** WORK REQUEST **
Exactly as they appear, please output the lines from the one with "The most beautiful" through the end of the material, without pictures.

(DATASET SECTION begins)

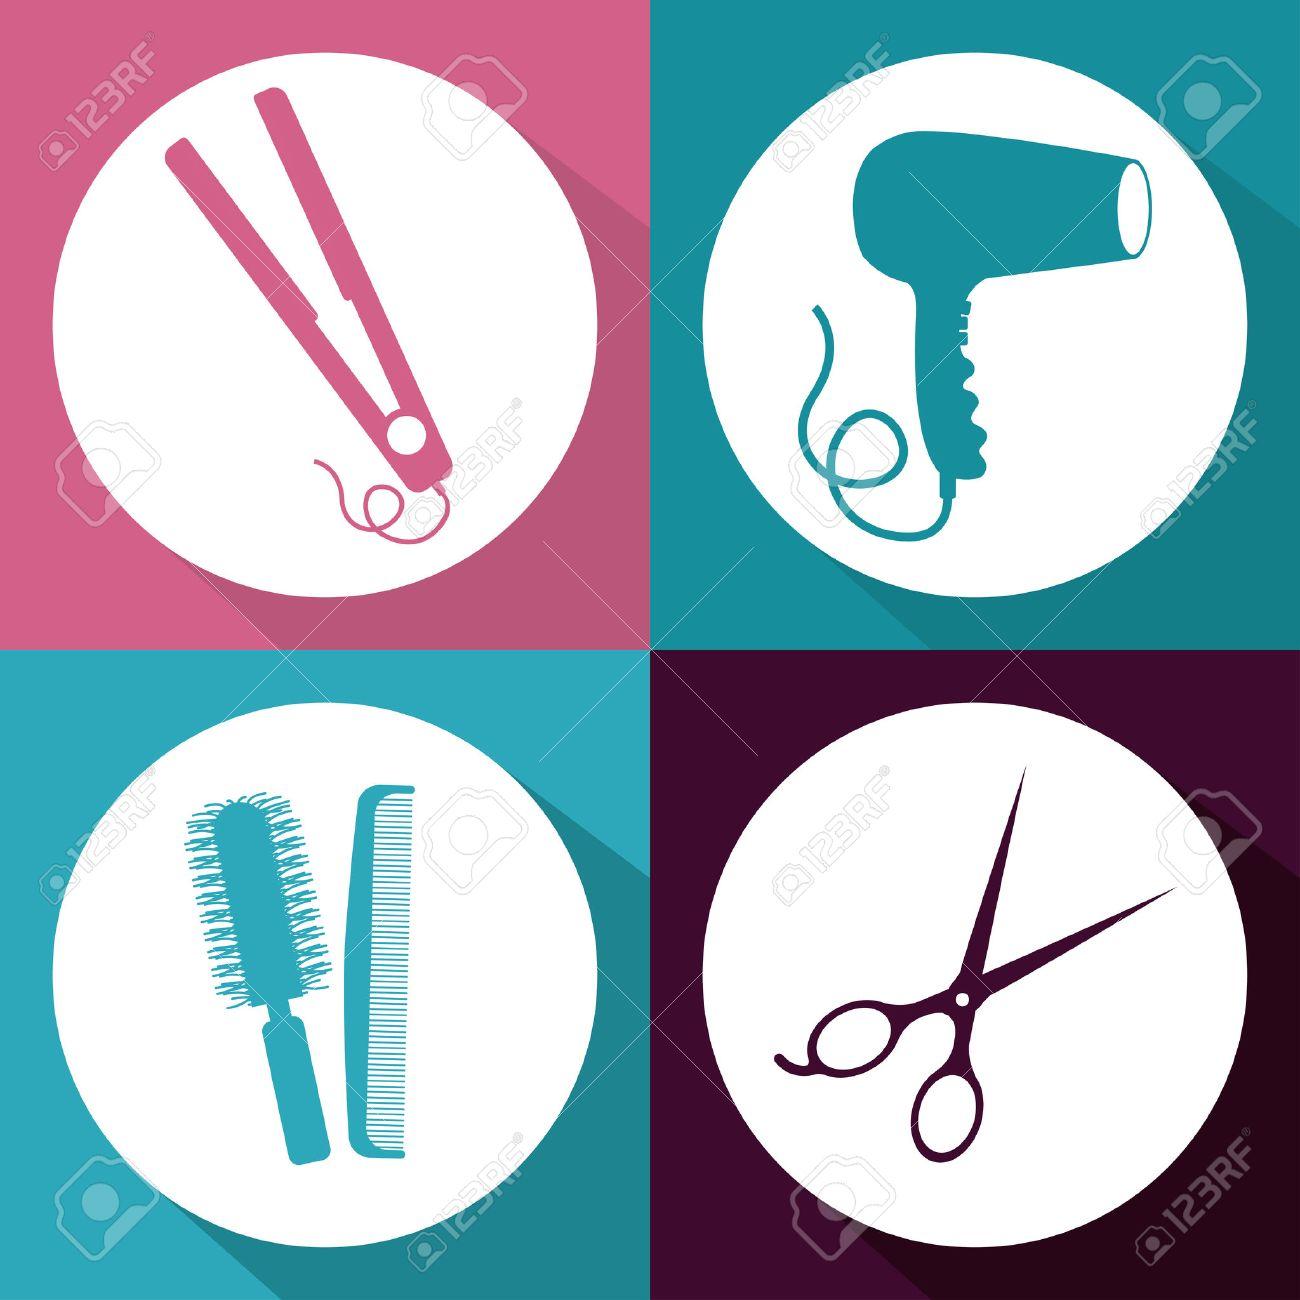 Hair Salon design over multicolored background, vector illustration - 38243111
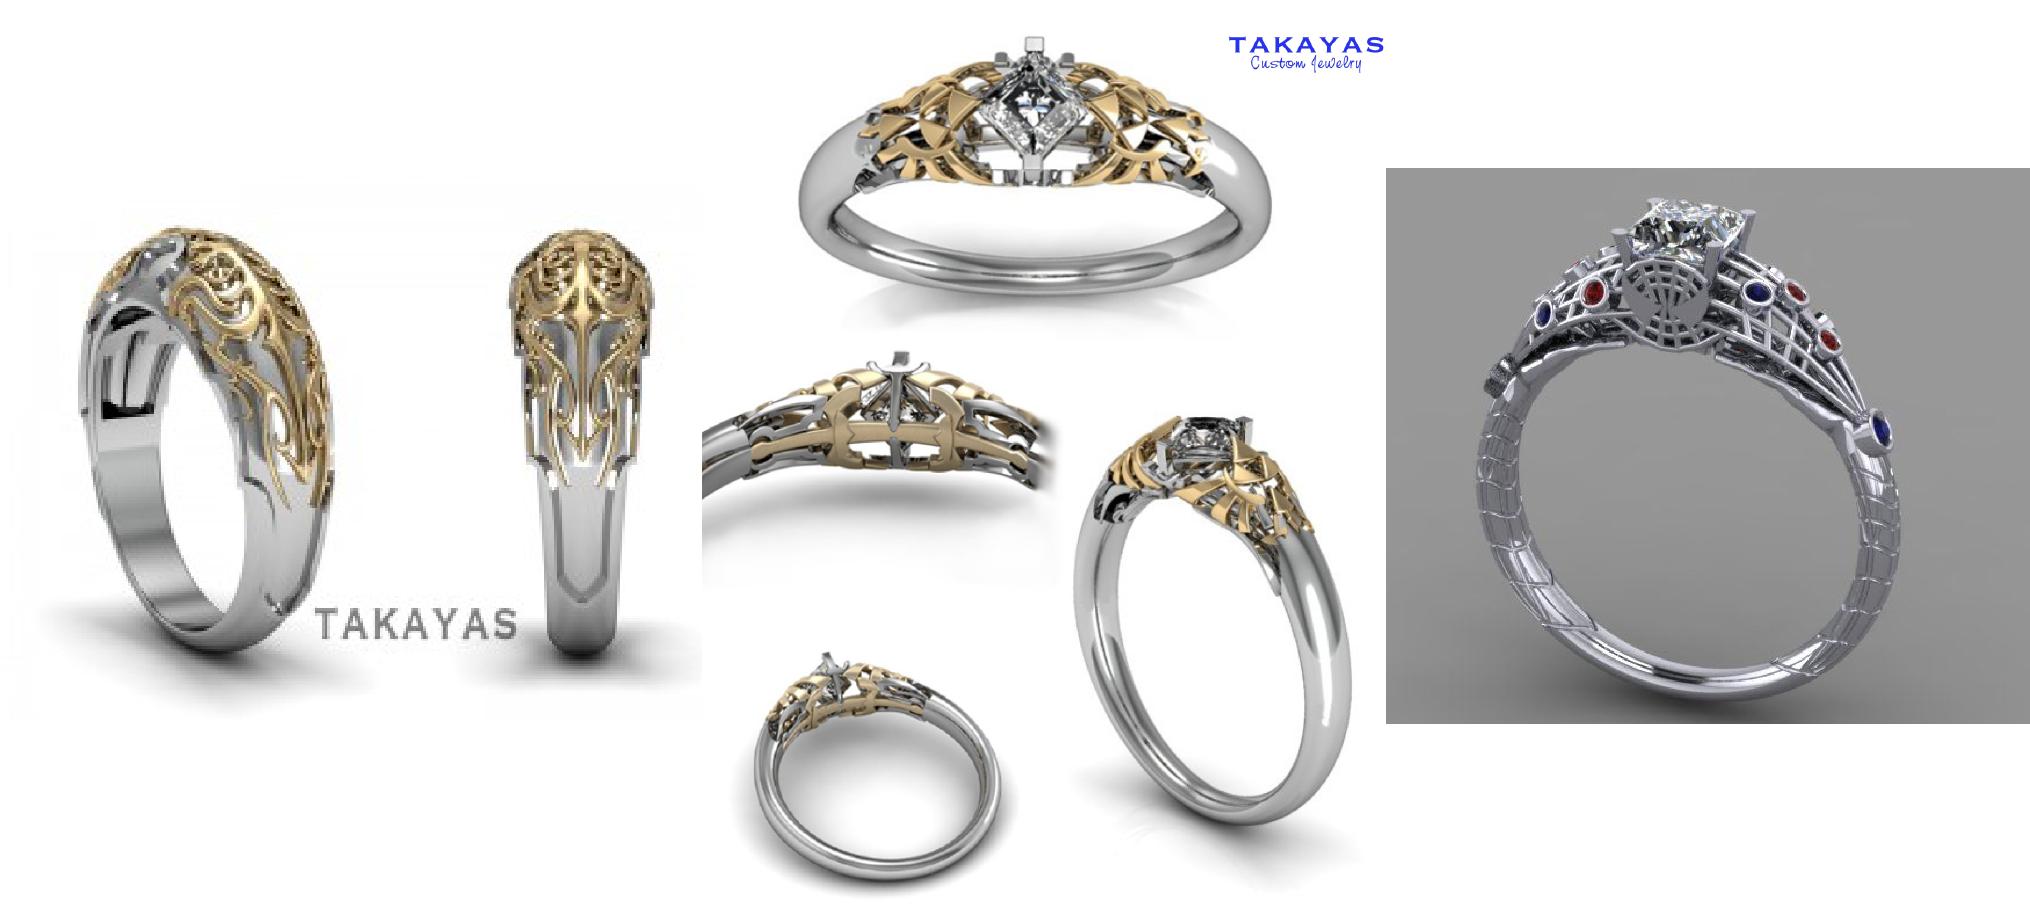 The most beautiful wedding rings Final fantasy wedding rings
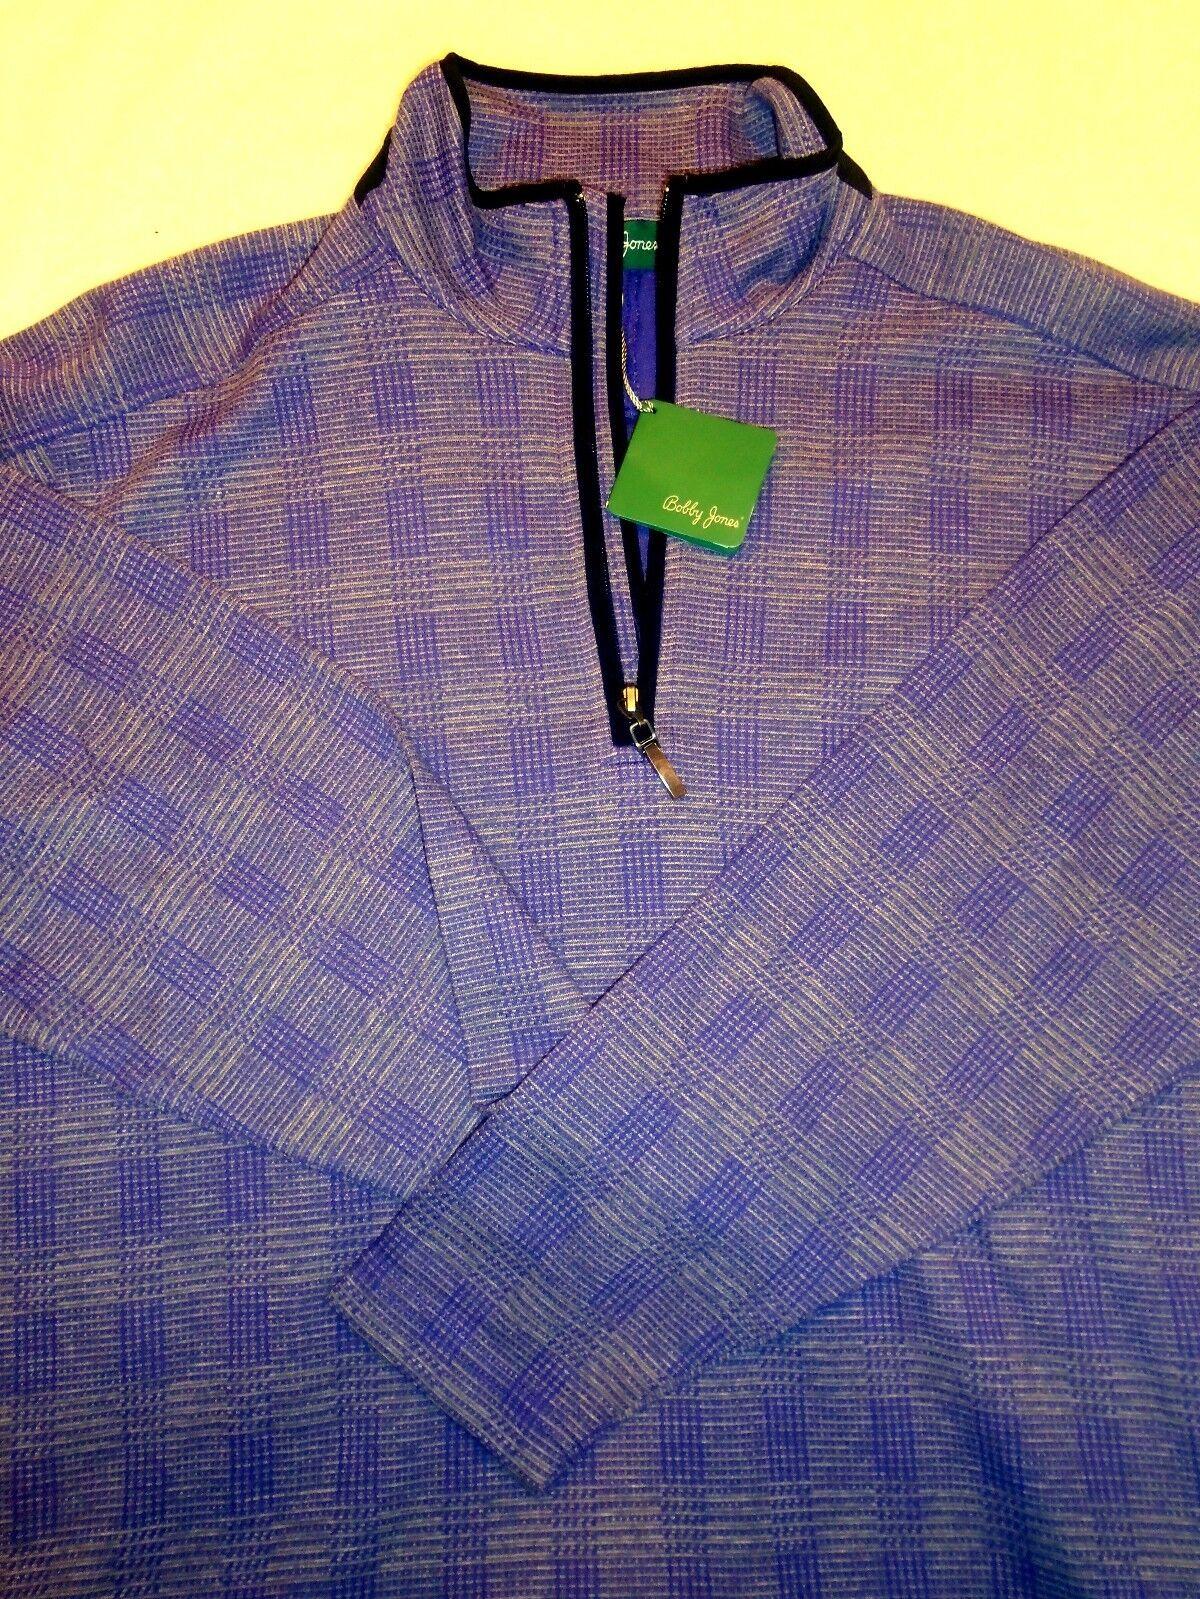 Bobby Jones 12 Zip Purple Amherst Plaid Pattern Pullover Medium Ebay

(DATASET SECTION ends)

** SOLUTION TO THIS PROBLEM **
 The most beautiful wedding rings Final fantasy wedding rings
 Bobby Jones 12 Zip Purple Amherst Plaid Pattern Pullover Medium Ebay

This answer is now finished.